Prêt de titres

Rédigé par des auteurs spécialisés Ooreka  À jour en septembre 2020

Sommaire

Un prêt de titres désigne l’opération par laquelle une entité prête des titres à un emprunteur pour une durée fixe ou indéterminée, en échange d’un nantissement transféré de l’emprunteur vers le prêteur.

Le marché du prêt de titres est essentiellement un marché de gré à gré. Cette technique permet notamment à des investisseurs institutionnels (assureurs, fonds de pension, etc) disposant d’importantes participations cotées, d'améliorer la rentabilité de leur portefeuille. Explications dans cet article.

Prêts de titres : intérêt et régime juridique

Lors d'un prêt de titres, le détenteur du portefeuille prête des titres à un emprunteur pour une durée fixe ou indéterminée, en échange d’un nantissement qui lui est transféré. Si ce nantissement est constitué de liquidités, le prêteur doit les rémunérer.

Pour l’emprunteur, le principal intérêt de cette formule est de disposer titres lui permettant de couvrir une position courte.

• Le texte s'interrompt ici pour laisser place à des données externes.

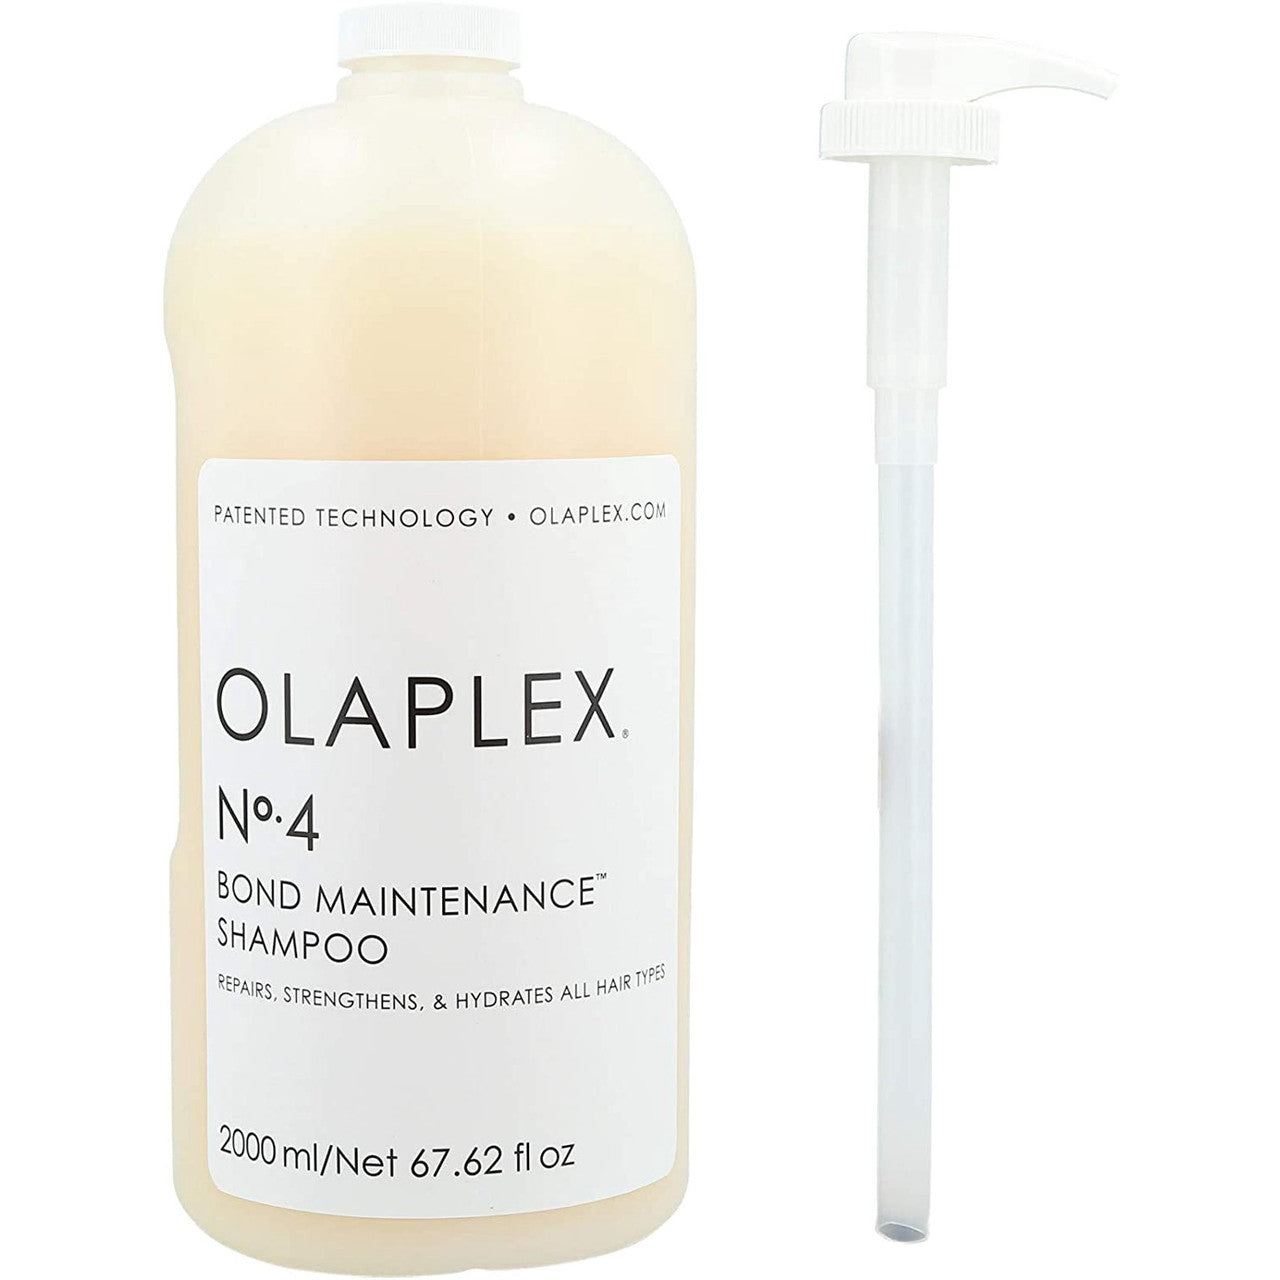 OLAPLEX Bond Maintenance Shampoo 67.62oz

En contrepartie du prêt, le propriétaire des titres reçoit une rémunération basée sur le prix des valeurs prêtées.

Le contrat prévoit généralement un partage des revenus et des droits liés à la détention des titres entre le prêteur et l'emprunteur. Celui-ci se trouve alors contraint de restituer au prêteur tout ou partie des revenus perçus à sa place.

À l’issue de la période de prêt, l’emprunteur a l’obligation de restituer au prêteur autant de titres de même espèce et qualité que celles des titres empruntés. Entre temps, il peut à son tour céder les titres qu'il a empruntés.

Valeurs concernées

Selon le Code monétaire (article L 211-1), le prêt doit porter sur des titres de capital émis par les sociétés par actions, des titres de créance (à l'exclusion des effets de commerce et des bons de caisse), ou des parts ou actions d'organismes de placement collectif.

Le régime juridique des prêts de titres est codifié à l'article L 211-22 du Code monétaire et financier.

Ce dispositif prévoit un mécanisme de neutralité fiscale et précise les conditions que doivent remplir les prêts pour bénéficier de ce régime fiscal particulier.

Lors de la mise en place du prêt, le prêteur ne perçoit aucune contrepartie financière représentative de la valeur des titres prêtés. Il détient seulement une créance sur l'emprunteur.

Cette créance doit être inscrite distinctement au bilan du prêteur pour la même valeur comptable que les titres prêtés. À l'expiration du prêt, les titres restitués sont inscrits au bilan pour cette même valeur.

Fiscalité du prêt de titres

Sur le plan fiscal, le prêt de titres reste neutre en cas de cession de titres de même nature que celle des titres prêtés.

Si la période du prêt couvre la date de paiement des revenus attachés aux valeurs prêtées, le montant de la rémunération ne peut être inférieure à la valeur des revenus auxquels le prêteur a renoncé.

Rémunération du prêteur

En ce qui concerne la rémunération du prêteur, il faut distinguer deux fractions.

La fraction de la rémunération représentative de la valeur des revenus auxquels le prêteur a renoncé est soumise au même régime fiscal que le produit des titres prêtés.

La fraction représentative de la rémunération proprement dite du prêt constitue un revenu de créance imposable dans les conditions et au taux de droit commun.

En pratique, les 2 éléments de la rémunération sont donc imposables dans les conditions et au taux de droit commun.

La rémunération du prêt et, le cas échéant, les intérêts compensateurs versés au prêteur, sont normalement déductibles des résultats imposables de l'emprunteur.